The mechanisms of tumour resistance induced by parasites are not well understood, but various mechanisms may be involved, such as the presence of antigens common to tumours and parasites or concomitant immunity induced by living parasites such that tumours may be mistaken as parasites and subjected to an immune response [17]. In preliminary experiments, we used P. yoelii parasite lysates, but no anti-leukaemia activity was observed in the mice (data not shown), suggesting that the quantity of common antigens is very low in crude lysates of P. yoelii and that the virus must be extracted and purified. Additionally, this finding may also imply that the anti-leukaemia activity of P. yoelii infection is induced by living parasites. In fact, protective immunity to malaria is primarily a form of concomitant immunity and is effective only against residual populations of parasites [20]; therefore, lysates of P. yoelii are ineffective.

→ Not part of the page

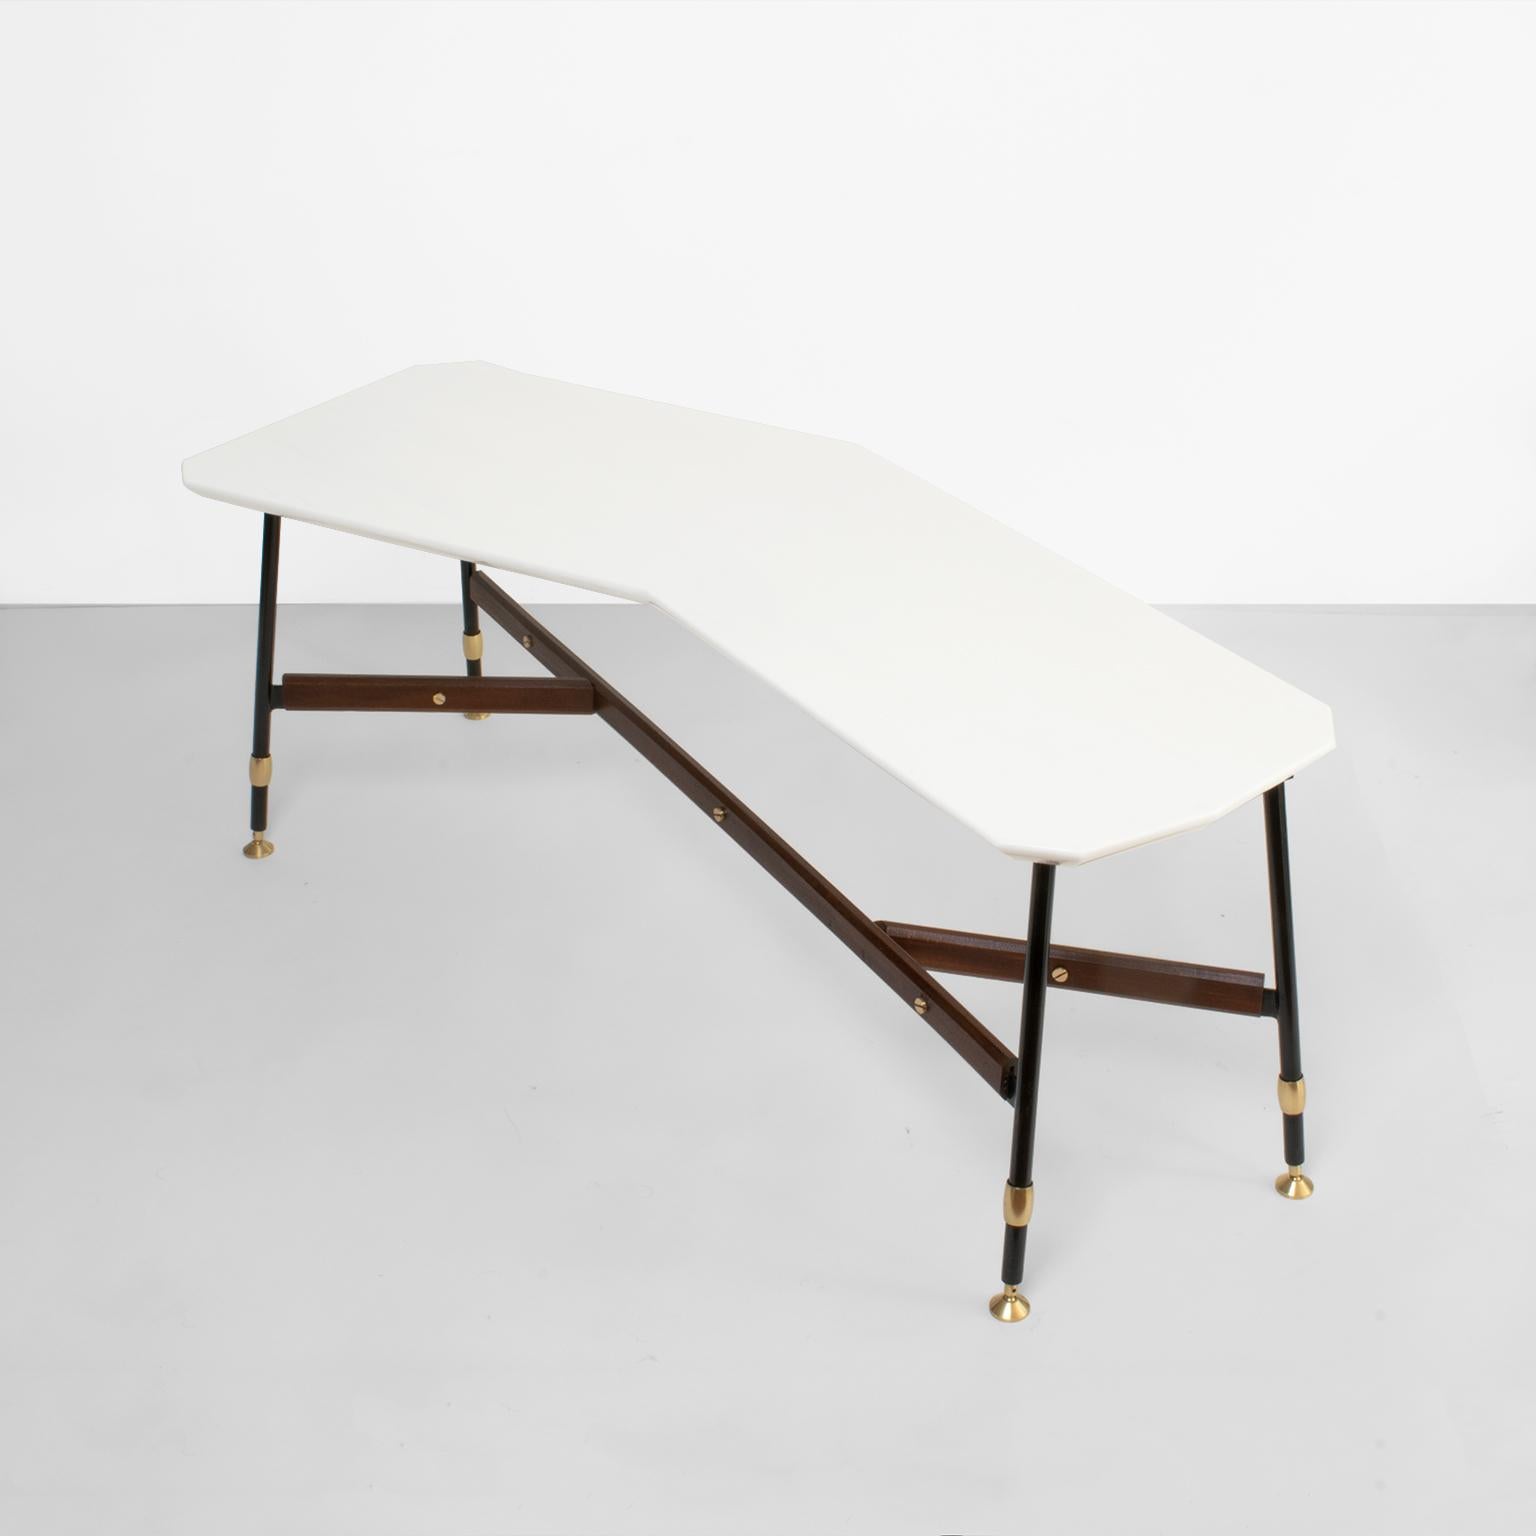 An elegant Mid-Century Modern Italian coffee table with a polished white marble top with 11 angles and a reverse bevel edge. A lacquered metal base with polished brass feet and screws accent a the teak wood brace. Newly restored in excellent

Malaria parasite infection can stimulate the host immune system, inducing polyclonal activation and massive proliferation and differentiation of lymphocytes with parasite-unrelated specificities [21, 22]. In the present study, we demonstrated that P. yoelii infection could significantly decrease the percentages of CD11b and Mac-3 cells in the blood of mice inoculated with WEHI-3 cells, indicating that the differentiation of macrophage and monocyte precursors was inhibited. Meanwhile, P. yoelii infection increased the percentages of CD3 and CD19 cells in the mice, indicating that differentiation of the T and B cell precursors was enhanced. These results are consistent with those from other reports [23, 24]. Stimulation of T and B cell proliferation is believed to be efficacious in combating some cancers, including myeloid leukaemia [25,26,27]. We also found that malaria parasite infection could induce IFN-γ and TNF-α secretion, which may lead to improvements in the treatment of some cancers by inducing a massive influx of inflammatory cells as well as the production of Th1 cytokines [28,29,30]. P. yoelii infection enhanced T and B cell proliferation and increased the levels of the Th1 IFN-γ and TNF-α, suggesting that adaptive immunity is involved in the anti-leukaemia effect. Meanwhile, P. yoelii infection promoted NK cell activity and macrophage phagocytosis; these scavenger cells are widely believed to be an essential component of host immune defences against myeloid leukaemia [25, 31, 32], indicating that innate immunity is also involved in the anti-leukaemia effects from P. yoelii infection.

In the present study, we found that the percentage of macrophages was decreased (Fig. 7) but the activity of macrophages was increased (Fig. 6) in the P. yoelii-infected mice bearing WEHI-3 cells compared to the non-infected mice bearing WEHI-3 cells. These results seem to be contradictory, although similar results have been reported by Tsou [33]. The decreased percentage of Mac-3-expressing cells indicated that differentiation of macrophage precursors was inhibited after P. yoelii infection and that P. yoelii infection could inhibit murine leukaemia WEHI-3 cell proliferation. The increase in macrophage activity may have been induced by the parasite, as Plasmodium infection has been shown to significantly enhance the phagocytic activity of macrophages due to increased IFN-γ expression [34, 35], and in the present study, IFN-γ secretion was found to be increased in mice after P. yoelii infection.

Conclusions

Malaria parasite infection can enhance immune responses, including innate and adaptive anti-leukaemia responses, thereby significantly decreasing the number of myeloblasts and inhibiting neoplasm proliferation in a mouse model. The results suggest that the malaria parasite may represent a novel strategy or therapeutic vaccine vector for an immune-based therapy for leukaemia.

Although malaria parasite infection elicits an anti-leukaemia effect, the use of parasitic infections against leukaemia under clinical conditions is impossible. However, cancers and parasites may share common antigens, which may explain why certain parasites exhibit anticancer activity [10]. Therefore, the active antigens of malaria parasites for leukaemia immunotherapy are worthy of further study and identification.